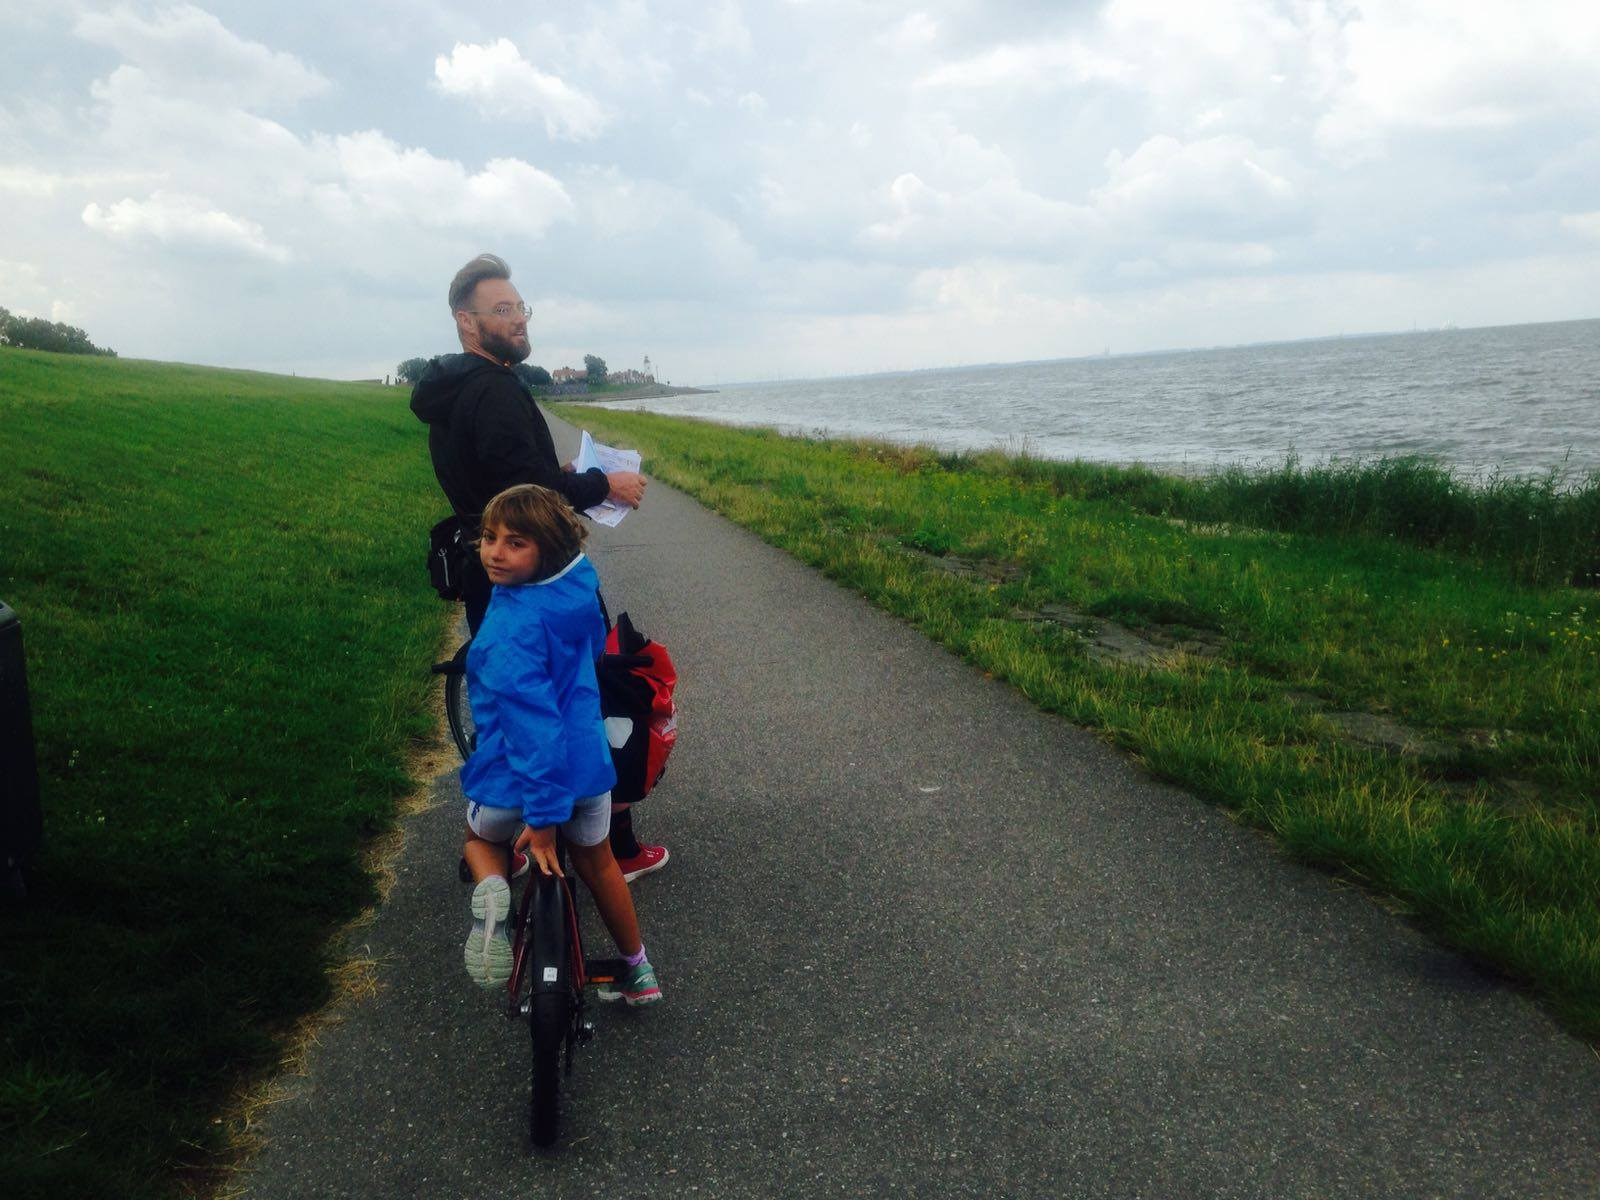 [cml_media_alt id='14637']Olanda in bicicletta coi bambini - in bici - credits Lorenzo[/cml_media_alt]
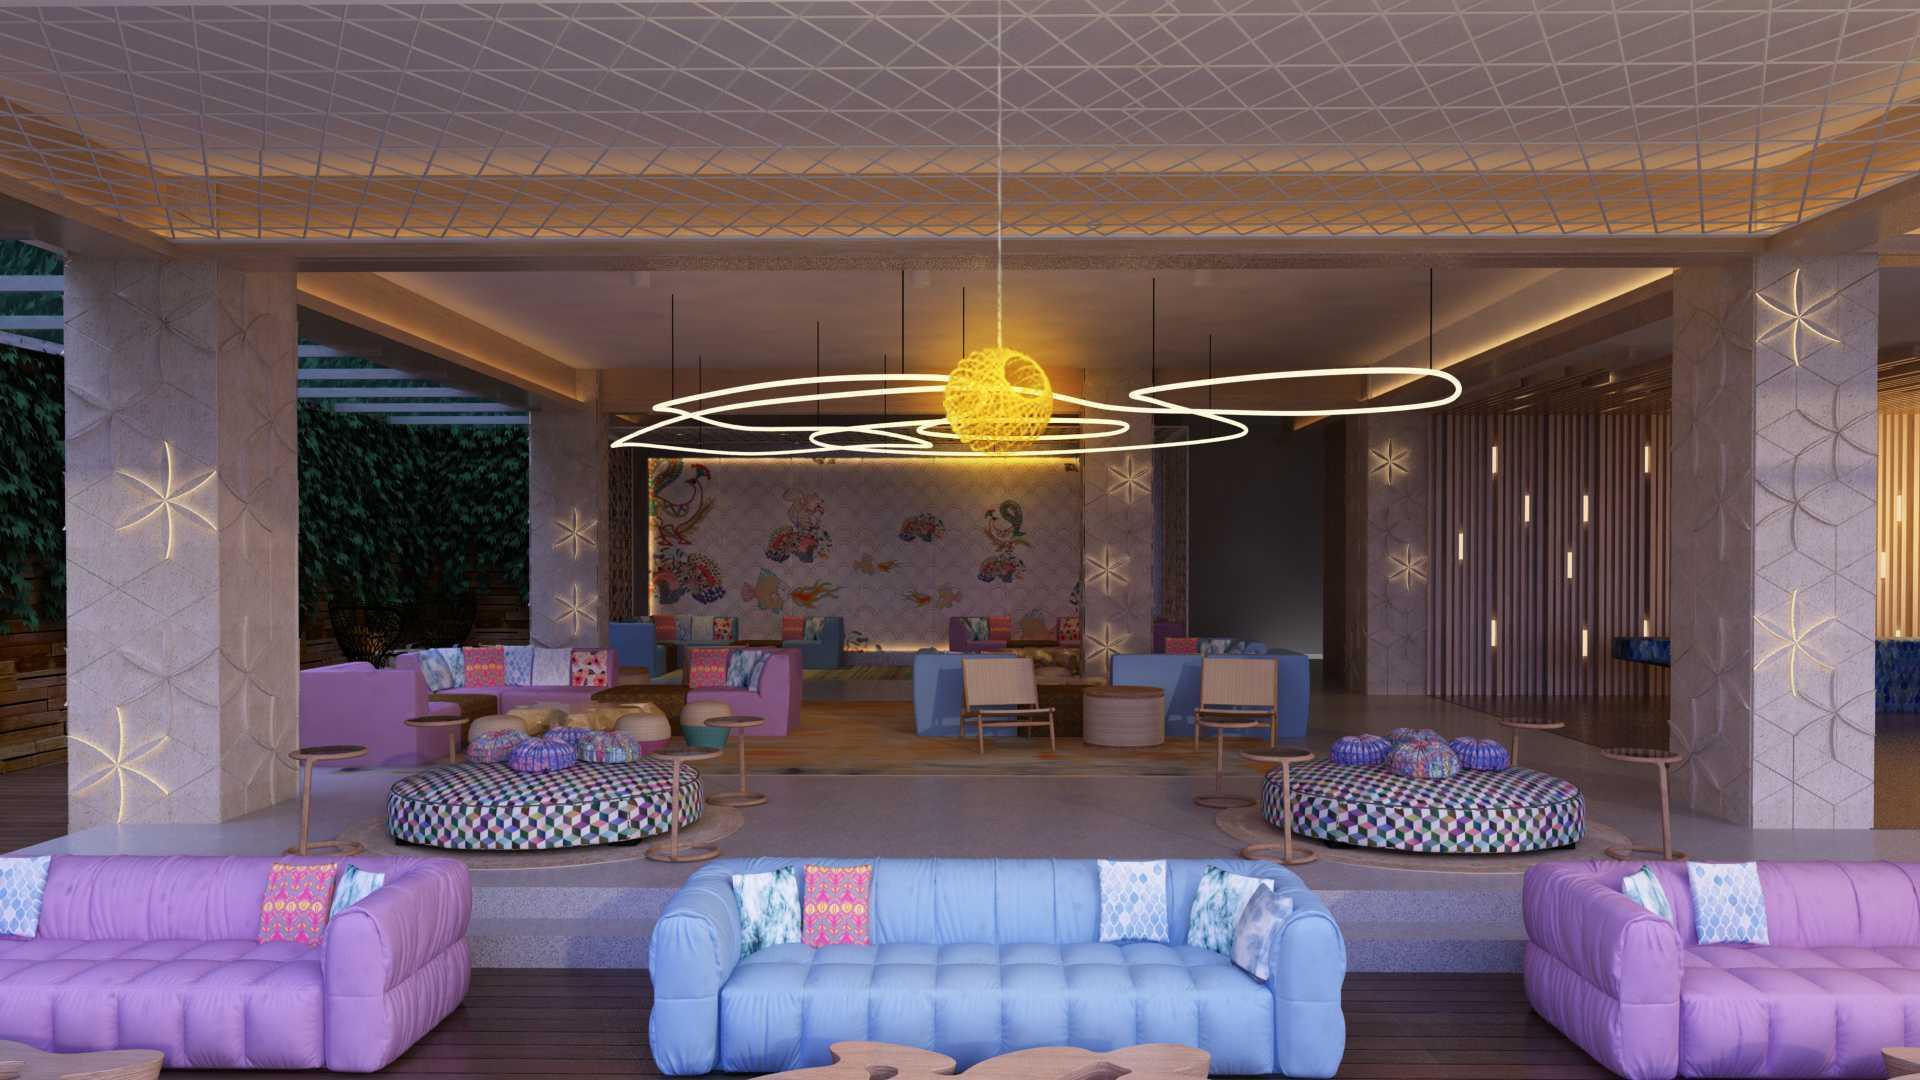 Vin•da•te Hotel Canggu Beach Bali - Indonesia Bali - Indonesia Seating Area Kontemporer  17577
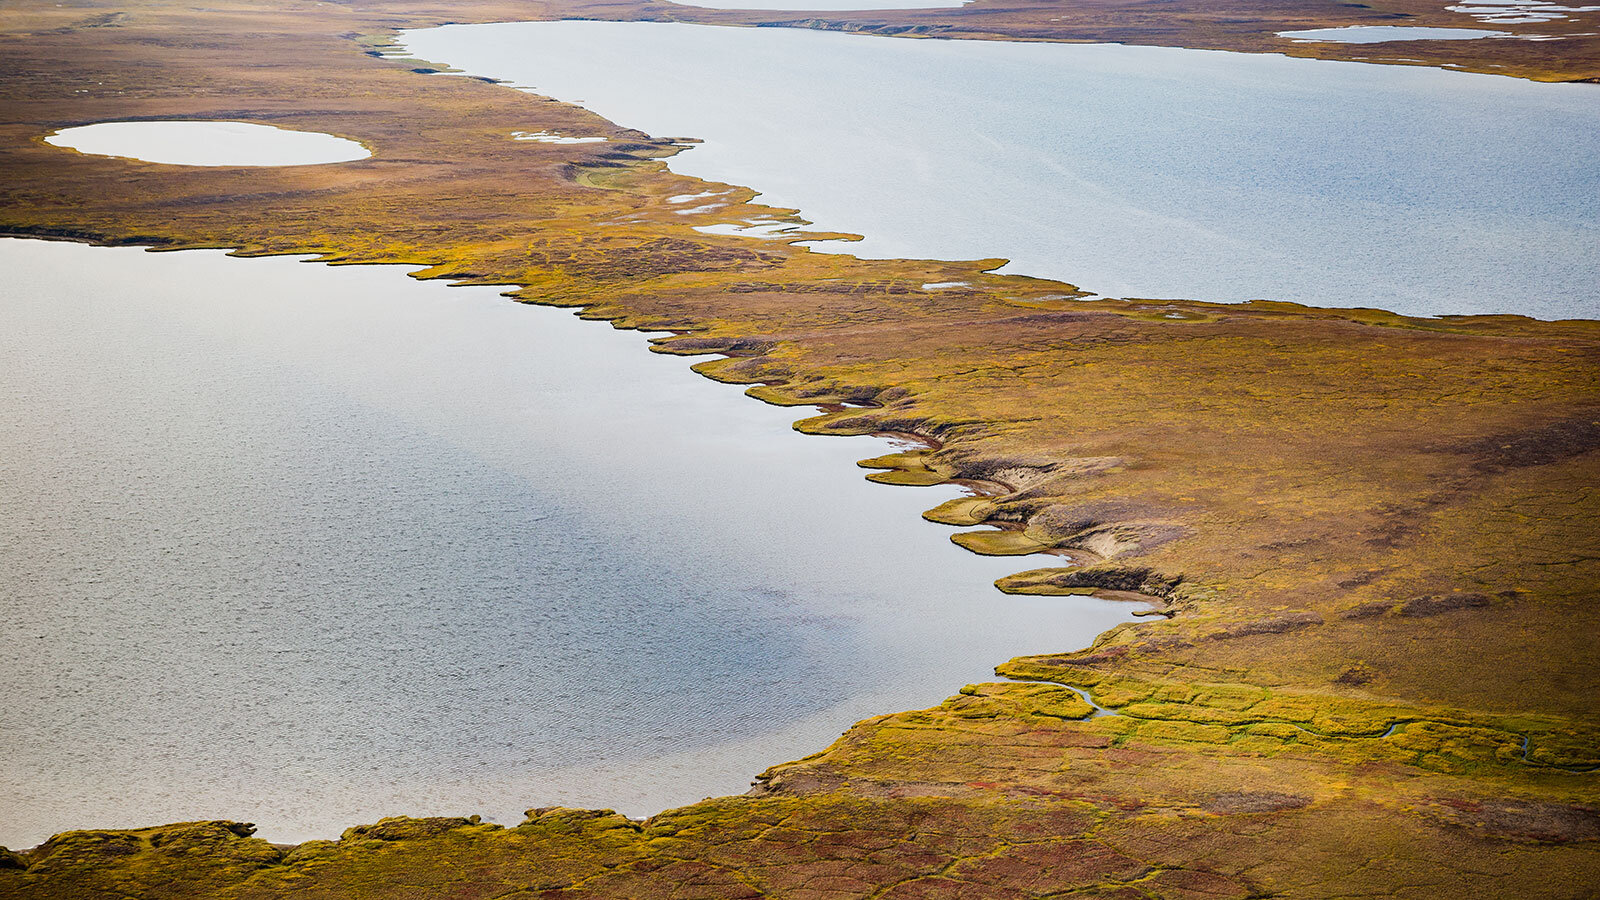 NASA flights detect millions of Arctic methane hotspots

## Work task:
Return the material verbatim; the images are not to appear in the copy.

## Your response:
 [cml_media_alt id='14637']Olanda in bicicletta coi bambini - in bici - credits Lorenzo[/cml_media_alt]
 Vin•da•te Hotel Canggu Beach Bali - Indonesia Bali - Indonesia Seating Area Kontemporer  17577
 NASA flights detect millions of Arctic methane hotspots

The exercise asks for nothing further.